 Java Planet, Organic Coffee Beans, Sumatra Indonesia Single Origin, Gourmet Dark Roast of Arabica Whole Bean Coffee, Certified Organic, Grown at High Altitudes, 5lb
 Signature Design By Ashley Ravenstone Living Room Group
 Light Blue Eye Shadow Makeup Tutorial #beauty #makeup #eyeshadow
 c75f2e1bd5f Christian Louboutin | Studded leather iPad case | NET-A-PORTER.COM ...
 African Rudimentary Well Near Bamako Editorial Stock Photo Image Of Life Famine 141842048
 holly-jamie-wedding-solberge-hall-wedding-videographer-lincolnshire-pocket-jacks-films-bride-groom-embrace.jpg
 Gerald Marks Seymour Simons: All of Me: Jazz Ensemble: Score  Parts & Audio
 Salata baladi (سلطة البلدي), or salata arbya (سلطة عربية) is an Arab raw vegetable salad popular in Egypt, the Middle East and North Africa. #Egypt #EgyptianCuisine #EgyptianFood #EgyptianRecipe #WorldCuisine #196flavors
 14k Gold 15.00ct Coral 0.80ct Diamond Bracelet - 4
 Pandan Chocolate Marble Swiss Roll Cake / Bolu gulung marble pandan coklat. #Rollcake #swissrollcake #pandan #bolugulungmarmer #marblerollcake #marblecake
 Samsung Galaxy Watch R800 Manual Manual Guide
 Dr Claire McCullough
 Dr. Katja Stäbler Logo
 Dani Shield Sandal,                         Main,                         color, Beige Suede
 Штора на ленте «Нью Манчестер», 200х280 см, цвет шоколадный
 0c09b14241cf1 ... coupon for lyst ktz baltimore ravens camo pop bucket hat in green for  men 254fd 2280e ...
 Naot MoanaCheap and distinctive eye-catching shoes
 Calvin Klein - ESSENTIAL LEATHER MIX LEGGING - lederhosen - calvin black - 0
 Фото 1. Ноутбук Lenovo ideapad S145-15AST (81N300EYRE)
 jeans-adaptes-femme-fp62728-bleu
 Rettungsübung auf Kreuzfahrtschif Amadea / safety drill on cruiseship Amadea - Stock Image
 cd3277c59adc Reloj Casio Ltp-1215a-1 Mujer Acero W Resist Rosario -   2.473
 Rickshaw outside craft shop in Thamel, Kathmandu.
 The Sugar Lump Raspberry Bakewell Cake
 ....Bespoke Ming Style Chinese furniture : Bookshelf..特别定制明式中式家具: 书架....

WHAT TO WORK ON:
Please write out, exactly as they appear above, only the lines in the stretch from the line with "Signature Design By" through the line with "Salata baladi (سلطة".

WRITTEN SOLUTION:
 Signature Design By Ashley Ravenstone Living Room Group
 Light Blue Eye Shadow Makeup Tutorial #beauty #makeup #eyeshadow
 c75f2e1bd5f Christian Louboutin | Studded leather iPad case | NET-A-PORTER.COM ...
 African Rudimentary Well Near Bamako Editorial Stock Photo Image Of Life Famine 141842048
 holly-jamie-wedding-solberge-hall-wedding-videographer-lincolnshire-pocket-jacks-films-bride-groom-embrace.jpg
 Gerald Marks Seymour Simons: All of Me: Jazz Ensemble: Score  Parts & Audio
 Salata baladi (سلطة البلدي), or salata arbya (سلطة عربية) is an Arab raw vegetable salad popular in Egypt, the Middle East and North Africa. #Egypt #EgyptianCuisine #EgyptianFood #EgyptianRecipe #WorldCuisine #196flavors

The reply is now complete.